Nitesh V. Chawla NITESH.CHAWLA@CIBC.CA
Grigoris Karakoulas GRIGORIS.KARAKOULAS@CIBC.CA
Danny Roobaert DANNY.ROOBAERT@CIBC.CA
Customer Behavior Analytics
Canadian Imperial Bank of Commerce
Toronto, Ontario M6S 5A6
Canada
The purpose of this paper is to provide insight on the performance of
different feature selection techniques and learning algorithms that we
used on the five datasets of the competition. As part of our participation
(CBAgroup) we considered filtering and wrapper feature selection techniques,
combined with different learning algorithms. In terms of feature selection
techniques, we used information gain, Relief-f, linear SVM together with
forward selection and a genetic algorithm. In terms of inductive learning
techniques we used a proprietary Bayesian learning algorithm as well as
different types of hyperparameter-tuning algorithms for (standard and Bayesian)
SVMs with linear and RBF kernel. We provide an evaluation of these techniques
on the datasets.
By examining the properties of the data, i.e. feature and class distributions,
and the models learned we try to answer: (i) why certain feature selection
techniques performed better than others; (ii) why in a couple of datasets
SVM performed better when using a selected feature subset than using the
entire feature set; (iii) why in the case of Dorothea, the only significantly-imbalanced
dataset amongst the five, we improved performance when we applied SMOTE,
an ensemble technique for handling imbalanced data.

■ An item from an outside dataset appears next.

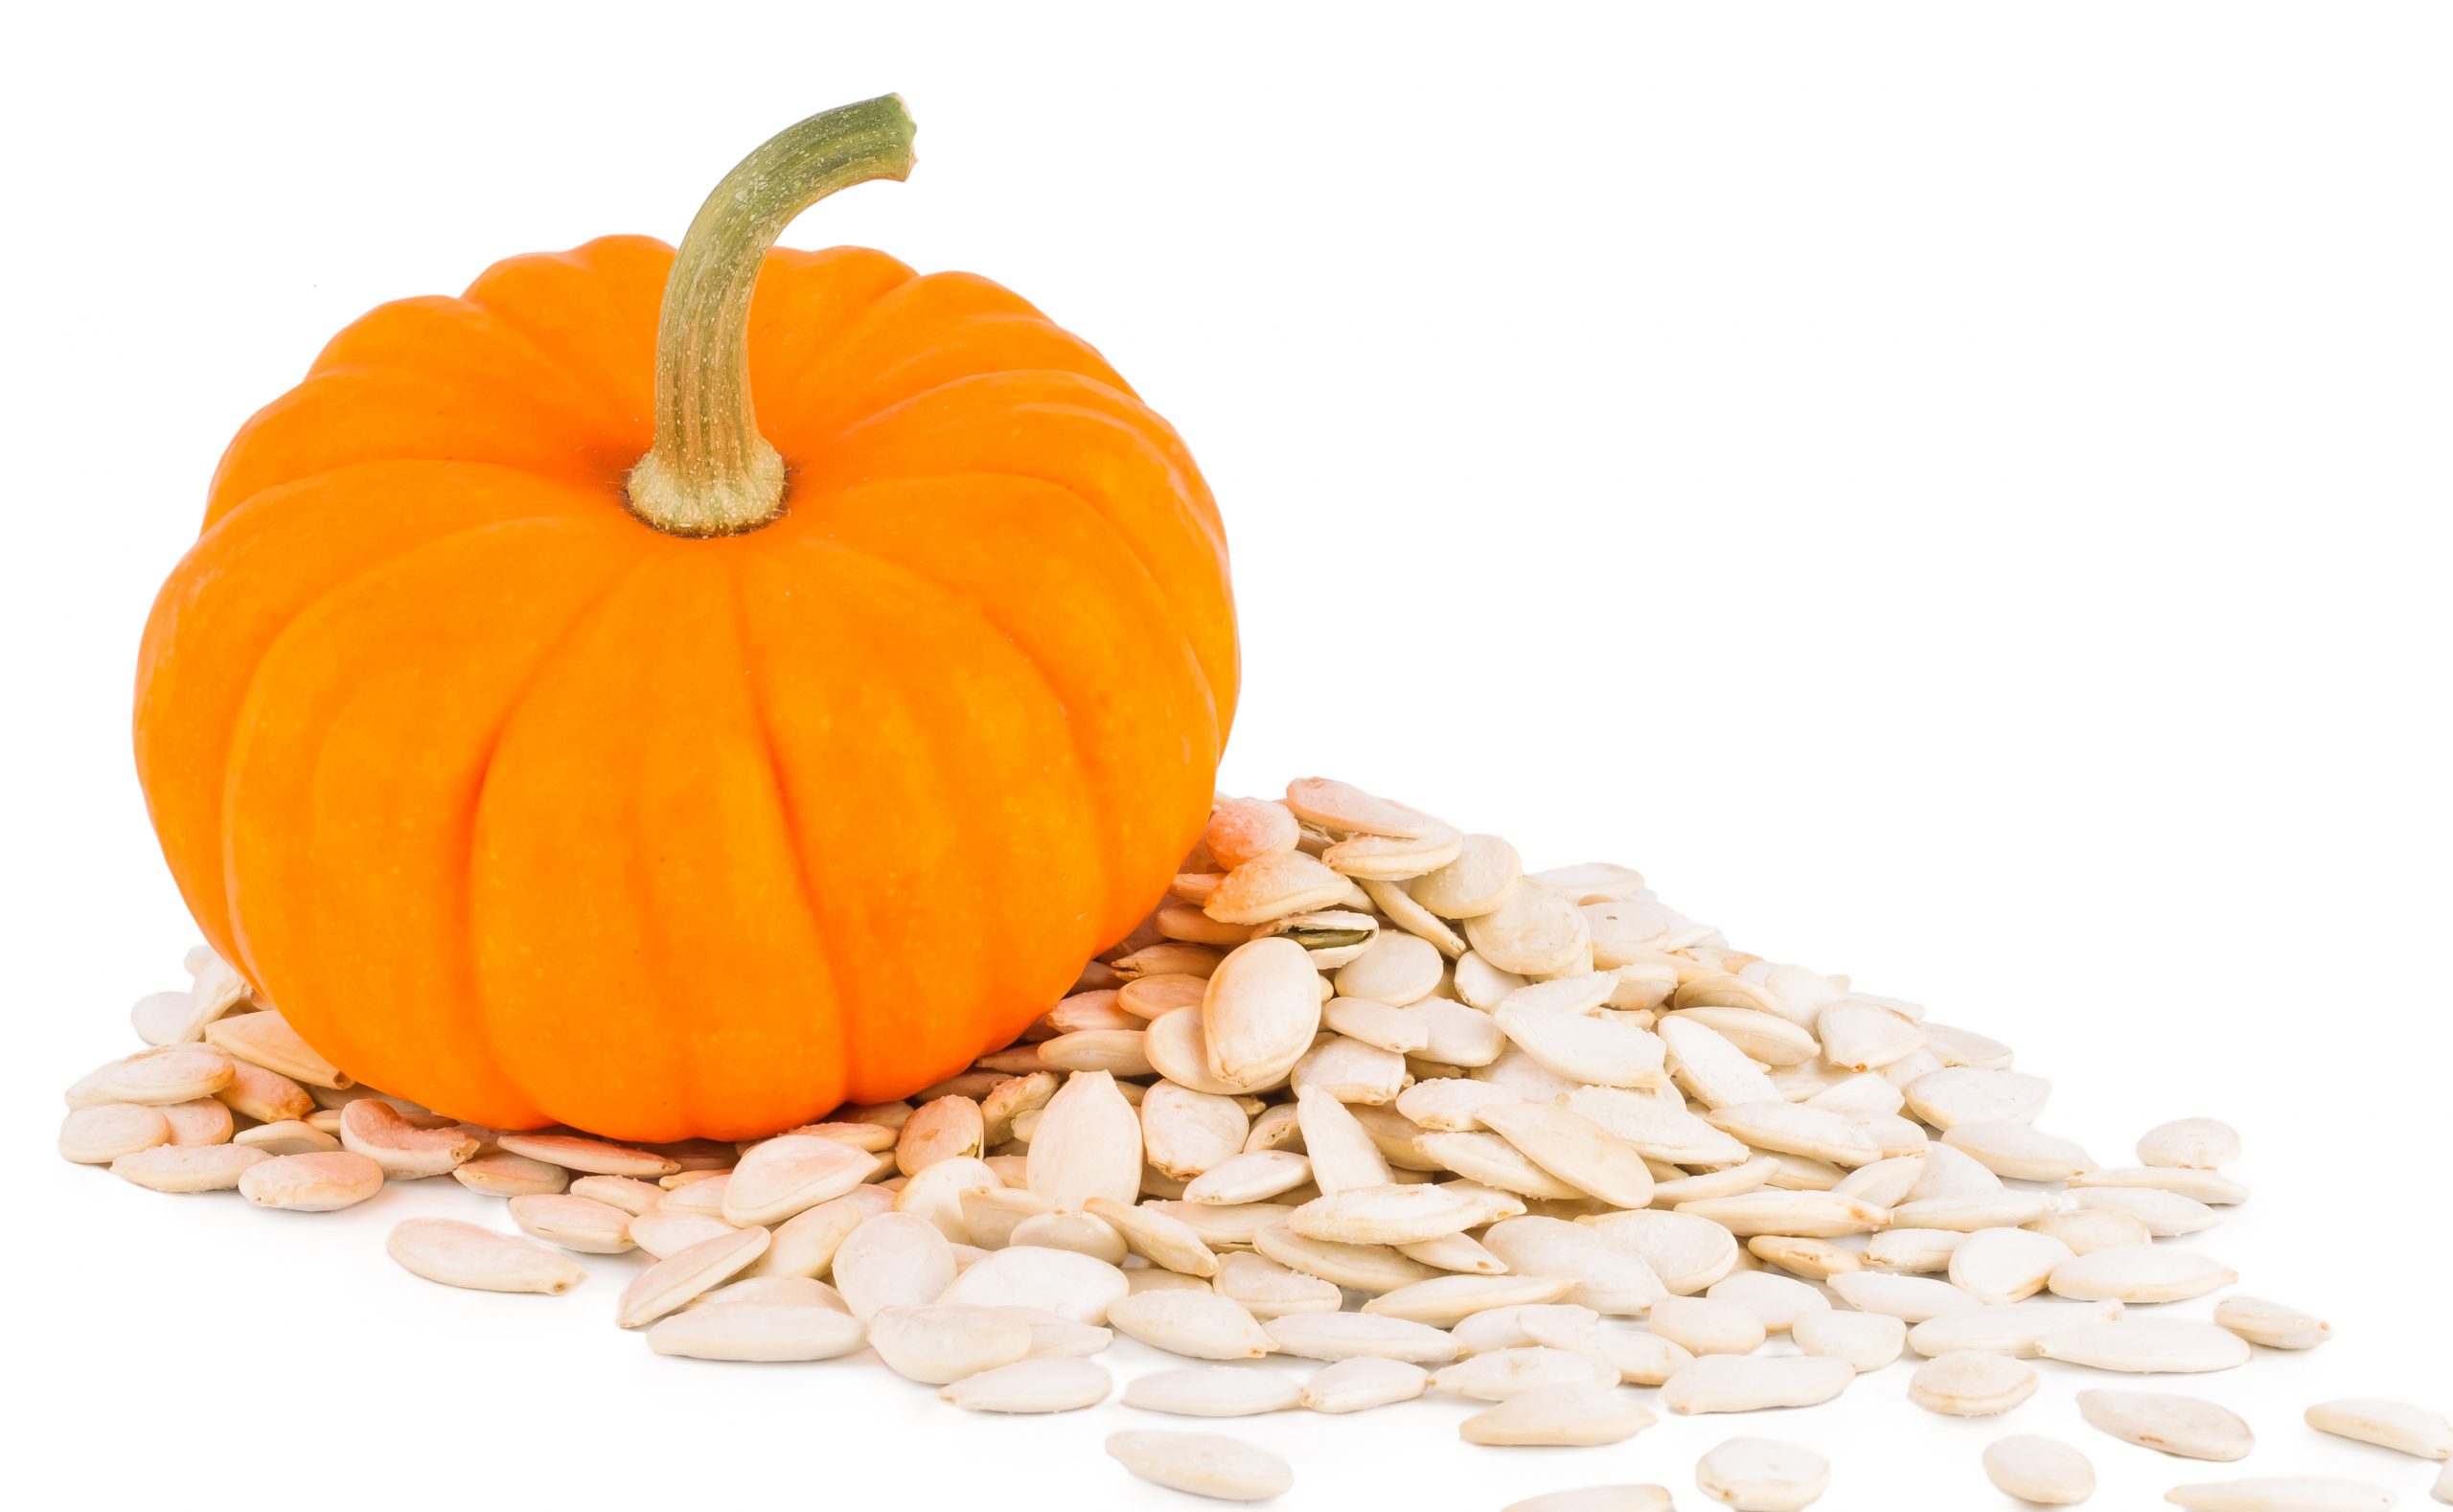 Scientists work to answer the question, will pumpkin seed oil help hair regrow

As is apparent from the above, we make a distinction between feature
selection and inductive learning, in the sense that in most real-world
applications – e.g. medical diagnosis, mechanical and engineering diagnosis,
robotics, marketing, credit scoring, etc. – there is a cost associated
with observing the value of a feature. Hence in all those applications
the goal should be to come up with a small subset of features that gives
the best performance. Therefore, using only classification error as a performance
measure, is in practice often not optimal, as the models built with the
full feature set may have a lower error, but an overall higher cost. As
part of our evaluation we propose a measure that takes into account this
trade-off between the number of features and the classification error.